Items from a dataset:
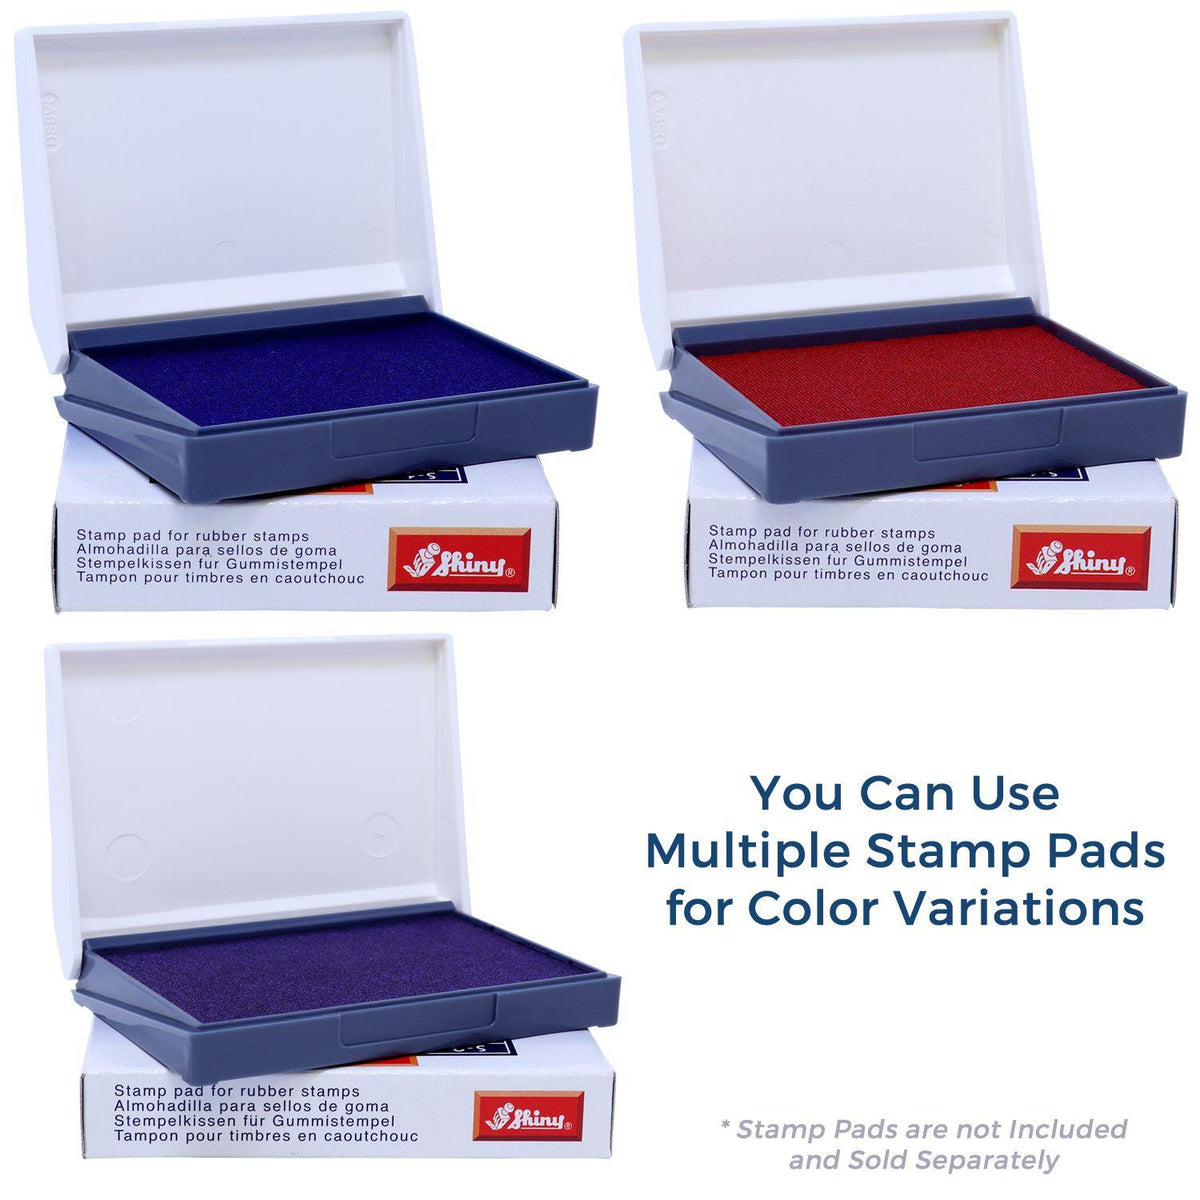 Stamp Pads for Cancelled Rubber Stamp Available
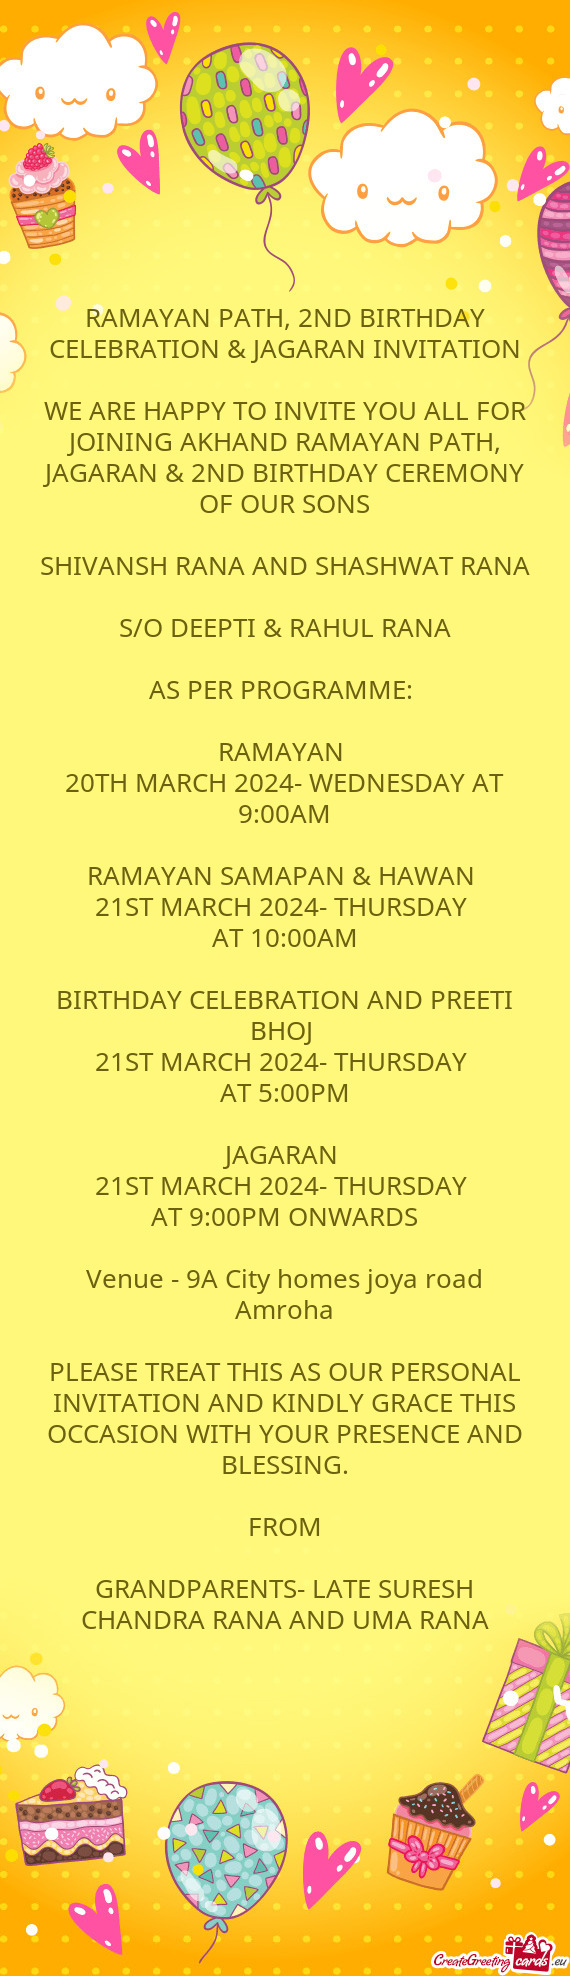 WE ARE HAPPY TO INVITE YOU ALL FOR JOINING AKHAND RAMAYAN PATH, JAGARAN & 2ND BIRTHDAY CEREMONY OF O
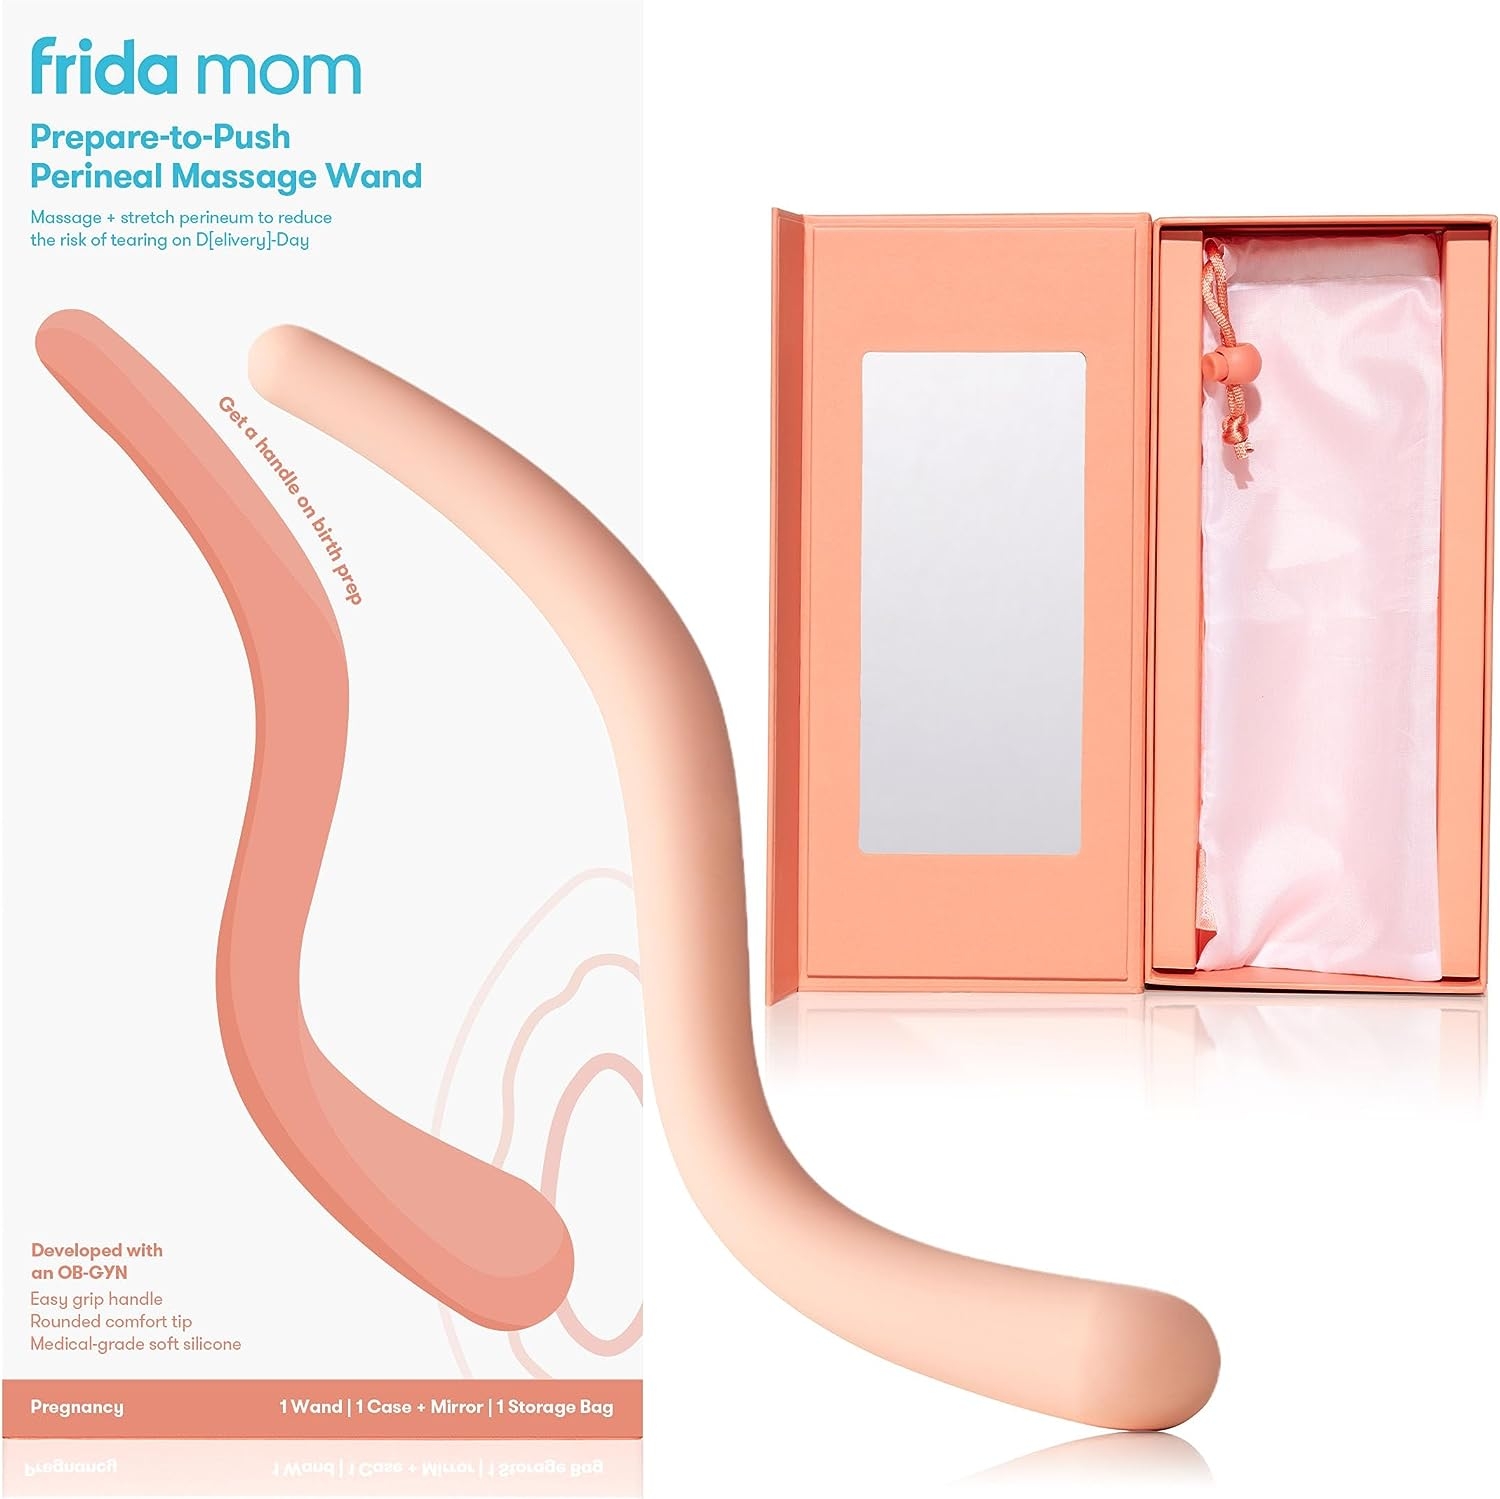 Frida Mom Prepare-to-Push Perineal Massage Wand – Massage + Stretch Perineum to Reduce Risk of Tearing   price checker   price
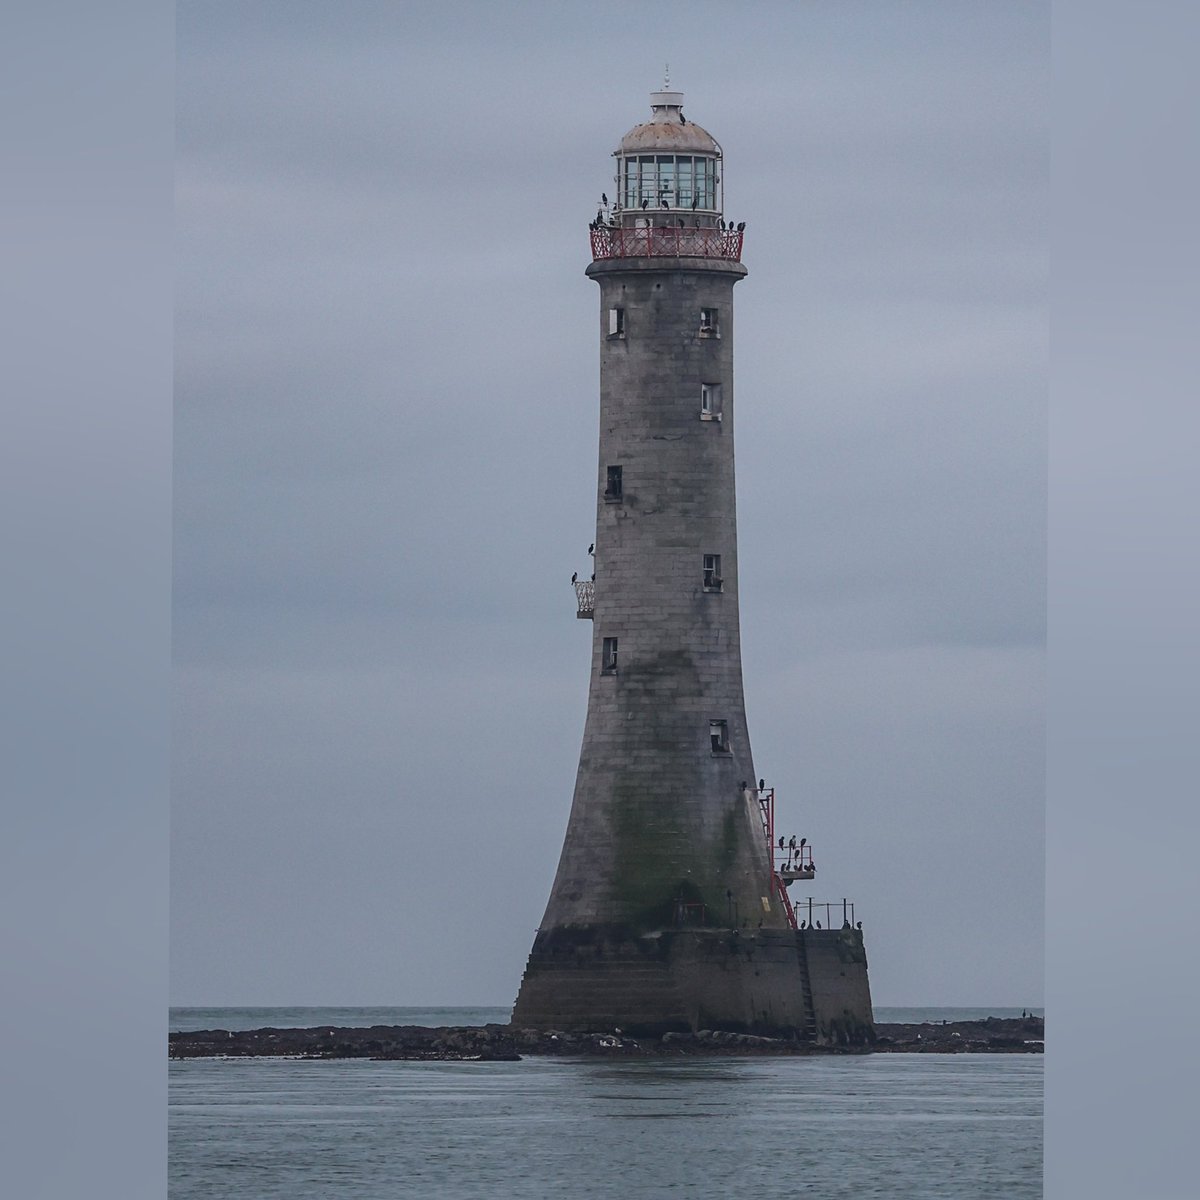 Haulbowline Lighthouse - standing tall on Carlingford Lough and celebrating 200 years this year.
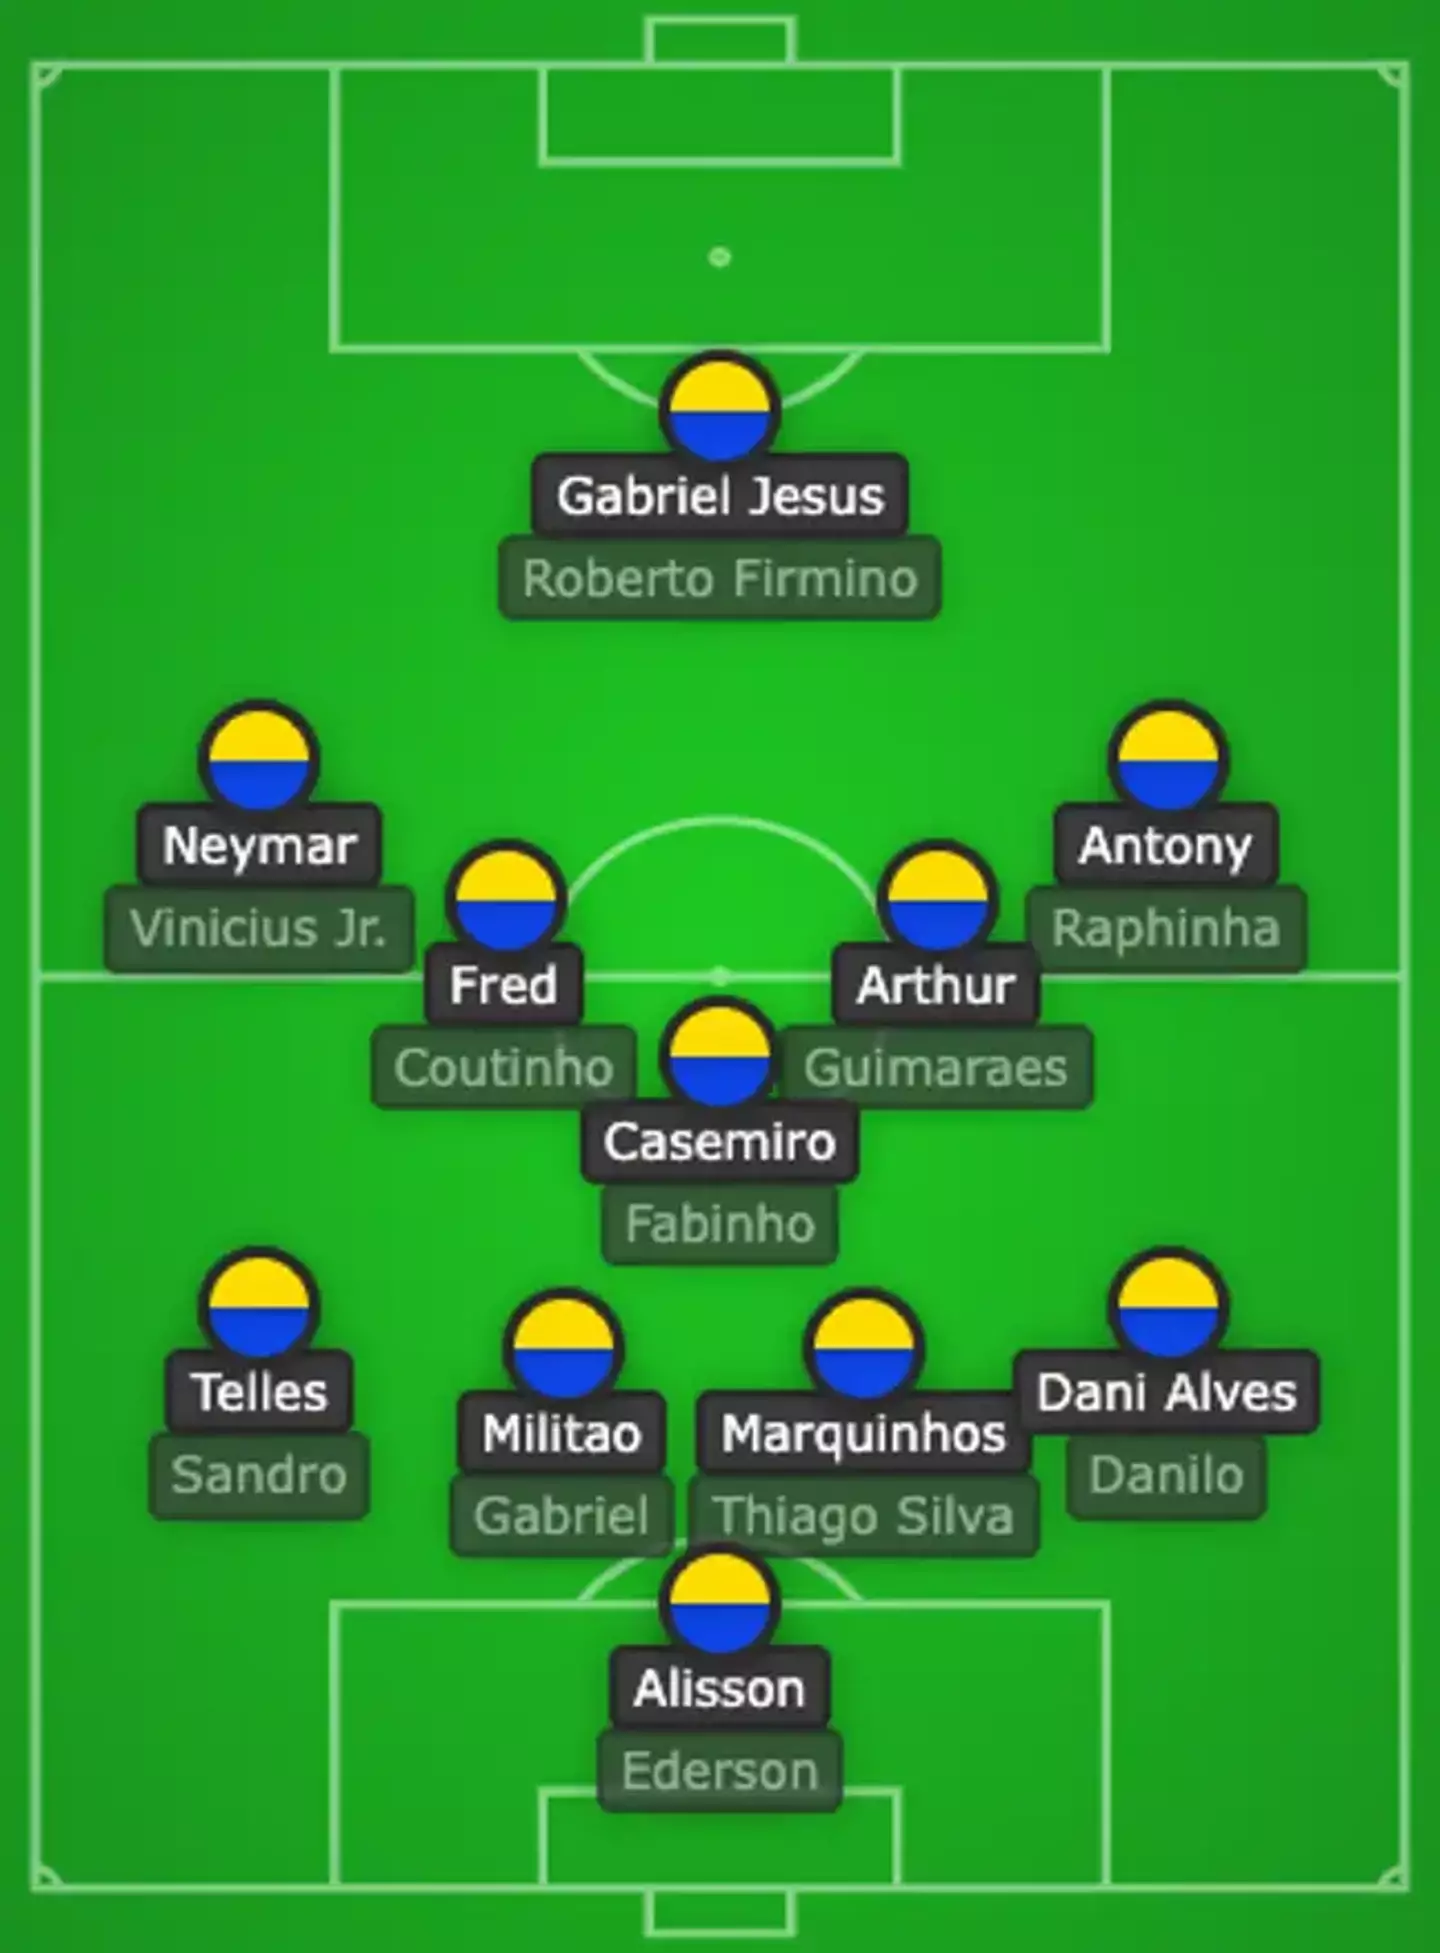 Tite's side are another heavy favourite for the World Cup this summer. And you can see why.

Task statement:
Set down exactly, and only, the lines from the one holding "Haulbowline Lighthouse - standing" to the end of the records above, leaving every picture out.

Exercise solution:
 Haulbowline Lighthouse - standing tall on Carlingford Lough and celebrating 200 years this year.
 Tite's side are another heavy favourite for the World Cup this summer. And you can see why.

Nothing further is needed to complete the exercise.